Marshes are open, sunlit wetlands dominated by soft-stemmed plants such as grasses, sedges, and rushes that rise from saturated soils or shallow standing water. In freshwater marshes, cattails and pond lilies may sway in slow water, while coastal salt marshes are filled with salt-tolerant grasses shaped by the tides. Because they are shallow and nutrient-rich, marshes are among the most productive ecosystems on Earth, alive with insects, amphibians, fish, and nesting waterfowl. Vast examples include the prairie potholes of central North America and the sweeping sawgrass marshes of the Everglades, where water moves slowly across the landscape like a wide, shallow river.
Swamp

Swamps are forested wetlands where trees and shrubs dominate the waterlogged ground. In these shadowed environments, trunks may rise directly from standing water, their roots adapted to survive in oxygen-poor soils. Bald cypress swamps of the southeastern United States form cathedral-like groves with flared bases and knobby “knees” protruding above the surface, while red maple swamps color northern floodplains in autumn. In tropical and subtropical regions, mangrove swamps line coasts with tangled prop roots that shelter fish and crustaceans. Swamps slow floodwaters, trap sediments, and provide critical habitat for birds, reptiles, mammals, and countless invertebrates.
Bog

Bogs are quiet, spongy wetlands built over centuries from partially decayed plant material known as peat. They are typically fed only by rainfall, which makes them low in nutrients and often acidic. Thick carpets of sphagnum moss dominate the ground, creating a soft surface that can tremble underfoot, while specialized plants such as cranberries and carnivorous sundews thrive in the nutrient-poor conditions.

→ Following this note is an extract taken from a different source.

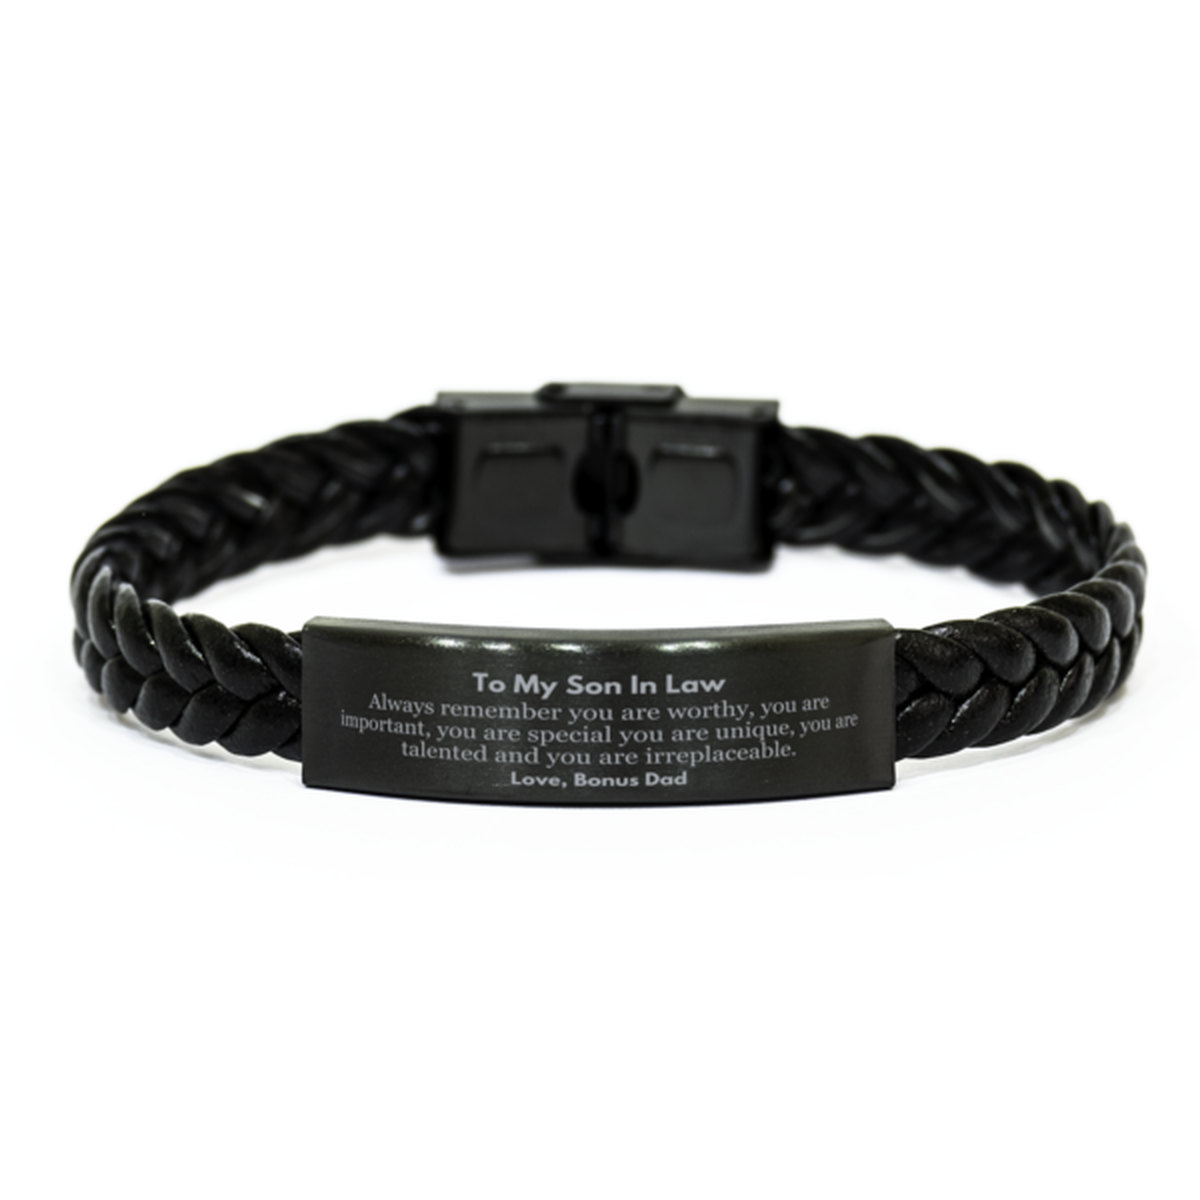 Son In Law Birthday Gifts from Bonus Dad, Inspirational Braided Leather Bracelet for Son In Law Christmas Graduation Gifts for Son In Law Always remember you are worthy, you are important. Love, Bonus Dad

Because decomposition is slow in waterlogged, oxygen-poor soils, peat accumulates layer by layer, storing large amounts of carbon. Many bogs form as lakes gradually fill in over time, representing a slow and patient stage in ecological succession.
Fen

Fens resemble bogs at first glance but differ in an important way: they are fed by groundwater or surface runoff rather than rainfall alone. This steady mineral input makes their waters neutral or slightly alkaline and generally more nutrient-rich than bogs. Sedges, grasses, and wildflowers often dominate, creating open, grassy wetlands that can support a high diversity of plant species, including many rare specialists. Because of their distinct water chemistry, fens support communities different from those of bogs and are not simply stages in lake filling, but unique ecosystems shaped by the quiet flow of mineral-rich groundwater.